Keep US interventionist foreign policy in mind when reading the words of a bird-clearance contractor at March Air Reserve Base, California. 'Wherever the falcons fly, that area becomes their territory' he explained in Citizen Airman magazine in 1996. 'In the bird kingdom' he continues, 'boundaries are taken very seriously. It's life or death'.4 Troubling. For these falcons are not behaving territorially, of course. They are not protecting their territory from intruders. They are hunting. What's more, these confusions point to something about the nature of science, for the concept of bird territory itself has a military history. It was first described by British ornithologist Eliot Howard just after World War I had decisively established the bloody realities of international territoriality on a grand scale. And in a rather less subtle naturalisation of tactical air warfare in the late 1990s, the owner of the bird-clearance project at March Air Reserve Base explained earnestly that 'just as the US puts an aircraft carrier off Iraq and flies fighter sorties to establish airspace dominance, our falcons do the same thing'.5

But how same? Is a falcon a fighter jet? Both are conceived of as pushing the outside of the envelope of physical possibility; both are often considered perfectly evolved objects in which form and function mesh so precisely there is no room for redundancy. The falcon has long been the embodied shape of aviation's dreams of the future. Back in the 1920s, Pennsylvania falconer Morgan Berthrong recalls an aviation engineer admiring a trained peregrine above, her wings pulled back into a sharp delta shape as she glided into a stiff headwind. 'See that silhouette?' exclaimed the engineer. 'When we develop a motor strong enough, that will be the shape of an airplane'.6 And yes, General Dynamics' F-16 'Fighting Falcon' was named after the bird, and there are stories that the aeronautical engineers put peregrines through their paces in wind tunnels while designing the plane. Such tales may be apocryphal, but their continuance bespeaks an urge to show the plane as a more-than-material object whose function and form are as highly evolved as that of its natural exemplar, the falcon. 'If it looks right, it flies right' runs the test pilots' dictum. And warbird homologies have been loaded with serious ideological weight. Kansas-based organisation 'Intelligent Design' uses the plane-peregrine example to support the theory that intelligent causes are responsible for the origin of life and the universe.

Mobilising falcons

Twentieth-century falcons have been tasked with military roles far beyond airfield-clearance or martial symbolism. WWII mobilised falcons too; and they flew for both sides. Allied planes carried a box of homing pigeons to be released if they were shot down behind enemy lines. There was a problem, however: wild English peregrines were catching and eating the pigeons after they’d crossed the Channel. Alarmed, the Air Ministry ordered that these quisling falcons on the south coast should be destroyed. Between 1940 and 1946, around 600 were shot, many eggs broken and young killed.
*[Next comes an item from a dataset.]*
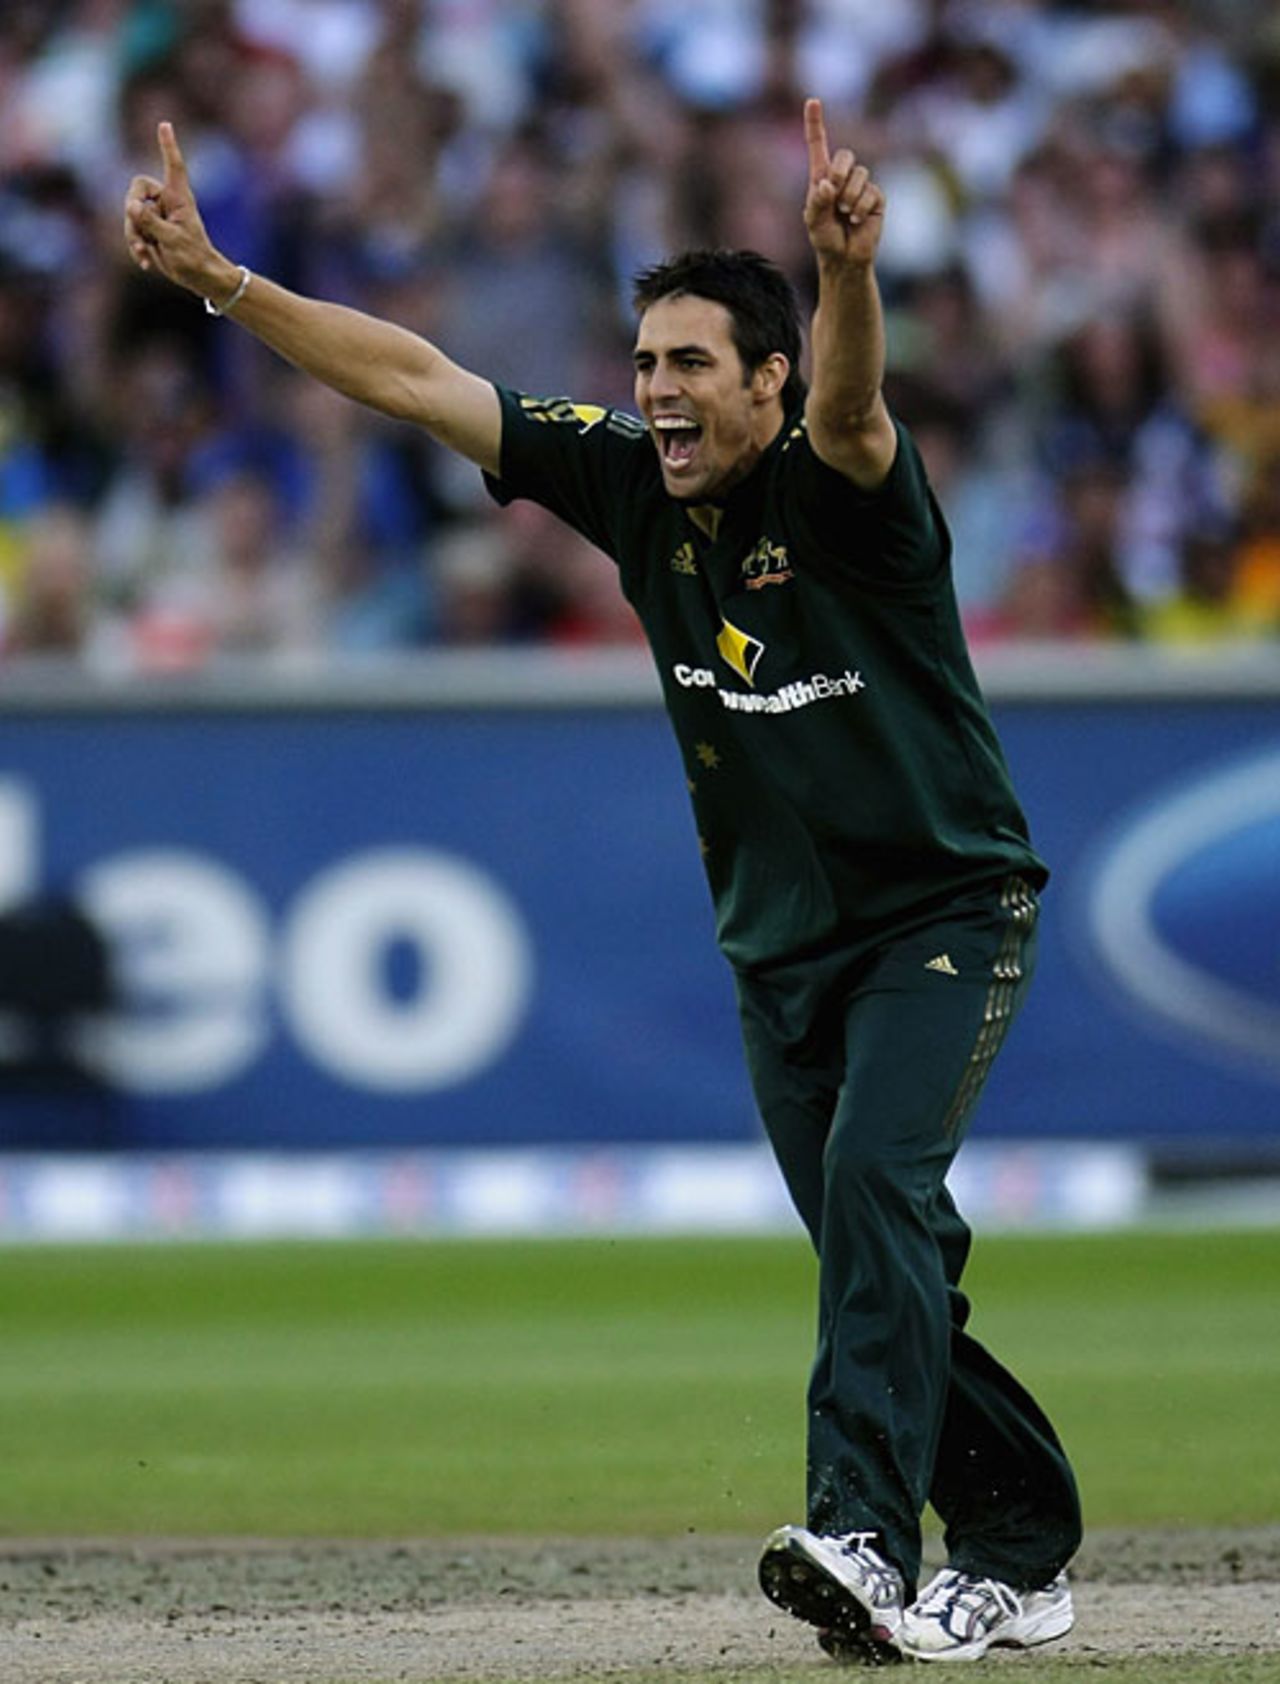 Mitchell Johnson appeals for lbw against Irfan Pathan, Australia v India, CB Series, 4th ODI, Melbourne, February 10, 2008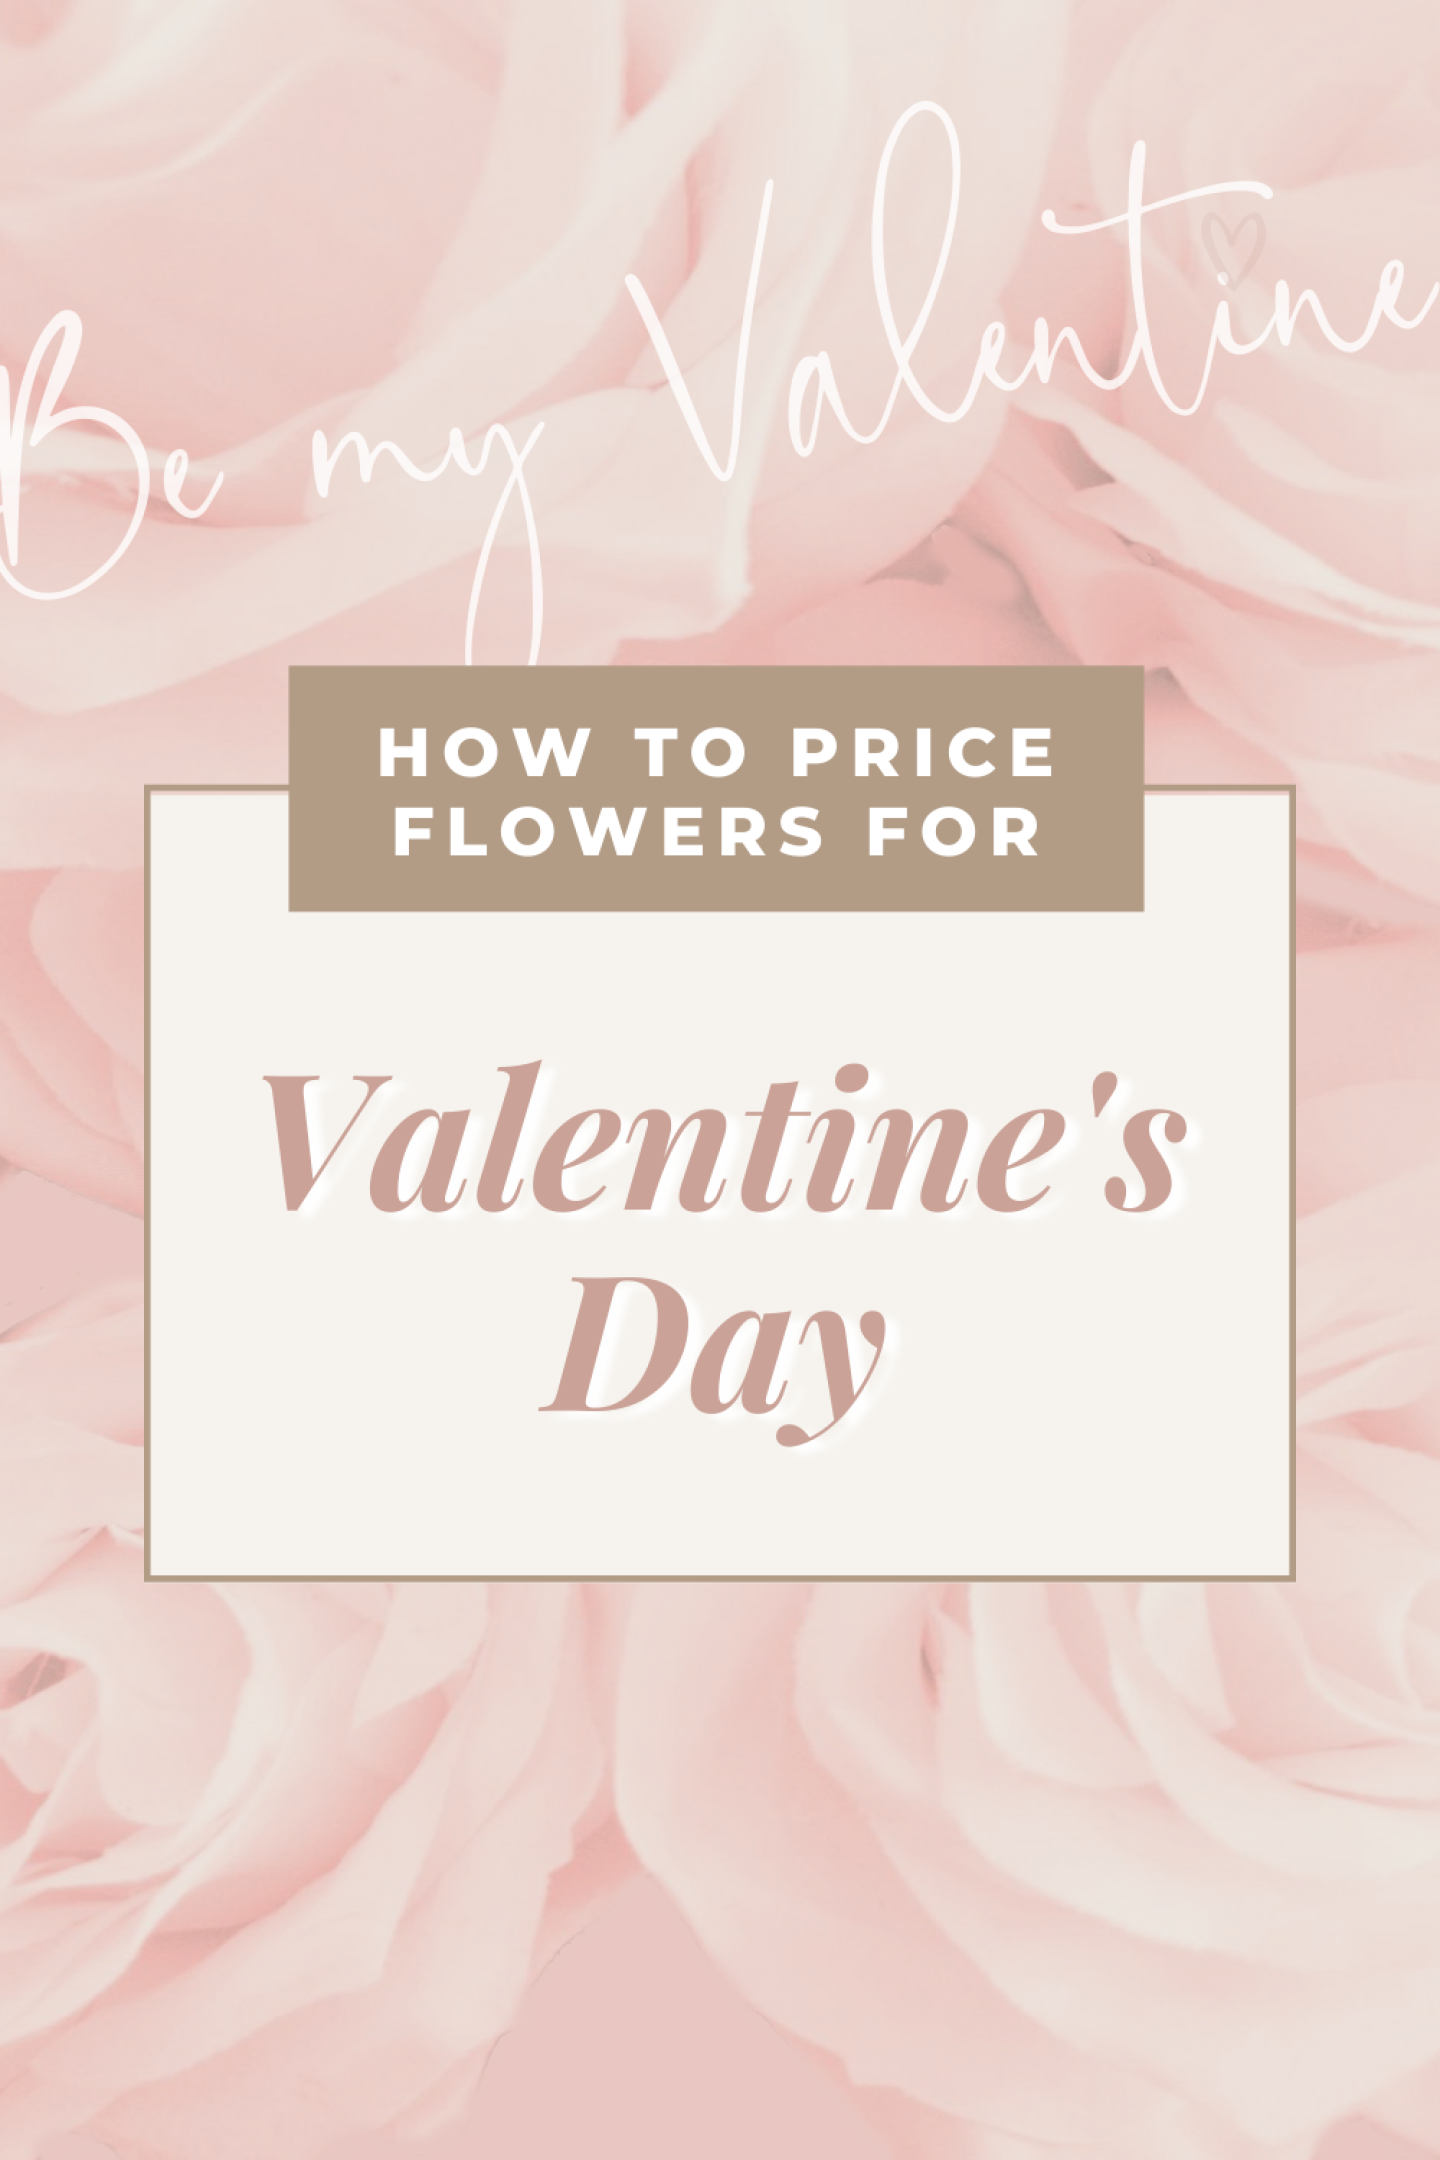 How to Price Flowers for Valentine's Day

Yet, at the same time, allied peregrines were 'signed up'. Falconer Ronald Stevens was convinced that falcons could be used in the war—somehow. He'd heard that in 1870, trained German falcons had been used to intercept the French Pigeon Post in the siege of Paris. Stevens quickly set to work. With a friend, he built a miniature range. 'On it' he explained, 'we put a ring of falconers round a besieged city, we covered a salient, we put a "net" of falconers behind enemy lines and in fact disposed falconers in every way we could think of'.7 Excited by the prospects, he sent photographs of the models, along with extensive logistical analyses, to the Air Ministry.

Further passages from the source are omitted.